Prior sections already discussed how our approach allowed us to quickly implement four different coverage metrics for five different backends. In this section, we investigate the run time and/or area overhead of our simulator-independent coverage solution.



Figure 8: Coverage instrumentation overhead on Verilator v4.034. For TLRAM, the measured overhead of our FIRRTL line coverage is close to zero.

#### 5.1 Software Simulator Coverage Overhead

Making use of generic cover statements instead of hard-coding line coverage into the simulator allows us to support new simulators with little effort. However, one might suspect that using a more generic coverage collection mechanism compared to built-in line coverage might create additional overheads. We measure the overhead of our coverage metrics on simulation speed and compare it to the built-in Verilog coverage of the open-source Verilator simulator.

Our benchmarks come from various open-source projects written in Chisel. Table 2 provides an overview. We picked long-running tests, recorded a waveform VCD and then generated a minimal testbench that only replays the top-level inputs from the VCD. This way we can isolate the simulator run time from the time it takes to generate stimuli and any overhead in the verification environment. This careful isolation means that the reported overhead may be less noticeable in practice <sup>3</sup>.

Figure 8 shows the run time overhead of various coverage instrumentation over the baseline. We find that in general, our instrumentation causes the same or slightly less overhead compared to Verilator's built-in coverage. This can be attributed to the fact that Verilator appears to internally follow an approach similar to ours.

While we are prohibited from reporting data for commercial simulators in a meaningful way, we observed that our generic approach does negatively impact the performance of event-driven simulators. However, Verilator with our coverage is generally significantly faster than any commercial tool with its native coverage. By providing extensive coverage support for open-source simulators, we remove one of the common reasons that prevent users from switching to faster simulators like Verilator.

<sup>&</sup>lt;sup>3</sup>Chisel testbenches normally slow down the simulation by 2x-1000x. Industry insiders tell us that well-optimized commercial SystemVerilog testbenches often present a 50% overhead leading to a 2x slowdown compared to raw simulation speed. Thus the raw simulation overhead that we measured will be less noticeable with a real testbench.

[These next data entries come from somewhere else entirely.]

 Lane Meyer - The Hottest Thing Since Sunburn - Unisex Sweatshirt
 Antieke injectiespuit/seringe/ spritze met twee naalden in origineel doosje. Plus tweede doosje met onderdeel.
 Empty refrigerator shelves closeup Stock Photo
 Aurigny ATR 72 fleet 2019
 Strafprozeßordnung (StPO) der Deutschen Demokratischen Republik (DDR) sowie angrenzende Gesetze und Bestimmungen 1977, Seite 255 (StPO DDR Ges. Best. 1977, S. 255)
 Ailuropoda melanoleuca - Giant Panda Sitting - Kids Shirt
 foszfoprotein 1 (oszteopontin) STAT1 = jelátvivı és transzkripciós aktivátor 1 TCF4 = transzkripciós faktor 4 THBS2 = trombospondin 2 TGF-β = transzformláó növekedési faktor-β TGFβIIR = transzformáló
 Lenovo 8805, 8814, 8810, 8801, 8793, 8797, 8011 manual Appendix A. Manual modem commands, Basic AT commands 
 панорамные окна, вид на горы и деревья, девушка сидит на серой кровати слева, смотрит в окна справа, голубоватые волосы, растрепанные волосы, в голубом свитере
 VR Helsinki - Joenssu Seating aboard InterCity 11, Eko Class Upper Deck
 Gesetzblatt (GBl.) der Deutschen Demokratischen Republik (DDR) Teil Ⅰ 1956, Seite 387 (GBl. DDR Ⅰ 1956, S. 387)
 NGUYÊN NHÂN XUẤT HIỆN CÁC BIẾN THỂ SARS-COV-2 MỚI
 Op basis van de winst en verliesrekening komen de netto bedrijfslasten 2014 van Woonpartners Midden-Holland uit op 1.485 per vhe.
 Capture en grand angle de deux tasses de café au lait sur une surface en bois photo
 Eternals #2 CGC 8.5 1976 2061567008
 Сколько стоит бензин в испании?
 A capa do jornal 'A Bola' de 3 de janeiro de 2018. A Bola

Figure 9: FireSim simulator FPGA resource utilization versus counter width on two different processor designs.

#### 5.2 FireSim Coverage Overhead

We applied our line coverage instrumentation to two different SoC designs from the Chipyard framework [3]. The first includes four, in-order scalar Rocket [4] cores and the second uses a single out-of-order BOOM [33] core. This results in 8060 cover statements in the RocketChip design and 12059 cover statements for the BOOM SoC. We then ran our scan chain insertion pass and transformed the designs into a cycle-accurate FPGA-accelerated simulation with FireSim [13]. Both simulators target a Xilinx Ultrascale+ VU9P device, the FPGA supplied by Amazon EC2 F1 instances, and were compiled using Xilinx Vivado 2018.3.

Figure 9 shows the resource usage for different counter sizes and compares them to a baseline without any coverage instrumentation. We include numbers for up to 48 bit of resolution which would be sufficient to prevent counter-saturation in practically all applications. Wide coverage counters lead to significant increases in resource usage, but as long as we are only interested in finding lines that have never been covered, small counters offer minimal area overhead. Figure 10 illustrates the  $f_{max}$  scaling trends versus increasing counter widths. For counter widths up to 8 bit for the Rocket and 2 bit for the BOOM-based design, the overhead from our coverage support falls within the noise introduced by differing placements.

We used our instrumented SoCs with 16 bit coverage counters to boot Linux and obtain line coverage results. For the RocketChip design the simulation executed 3.3 B cycles in 50.4 s (65 MHz). Scanning out the 8060 cover counts at the end of the simulation took 12 ms. For the BOOM design the simulation executed 1.7 B cycles in 42.6 s (40 MHz). Scanning out the 12059 cover counts at the end of the simulation took 17 ms. In the future, we might be able to trade off simulation time and FPGA resource usage by using smaller counters that are sampled more frequently.

#### 5.3 Coverage Merging and Removal

Adding full line coverage to a large SoC design can have a significant area impact if we want to obtain high-resolution coverage counts. Also, note that mapping a FireSim simulation to the FPGA can take multiple hours. We can take advantage of the fact that we use the



Figure 10: FireSim simulator  $f_{max}$  versus counter width. A bit width of zero represents the baseline with no coverage support. Note, the 48 bit BOOM configuration did not place due to resource limitations.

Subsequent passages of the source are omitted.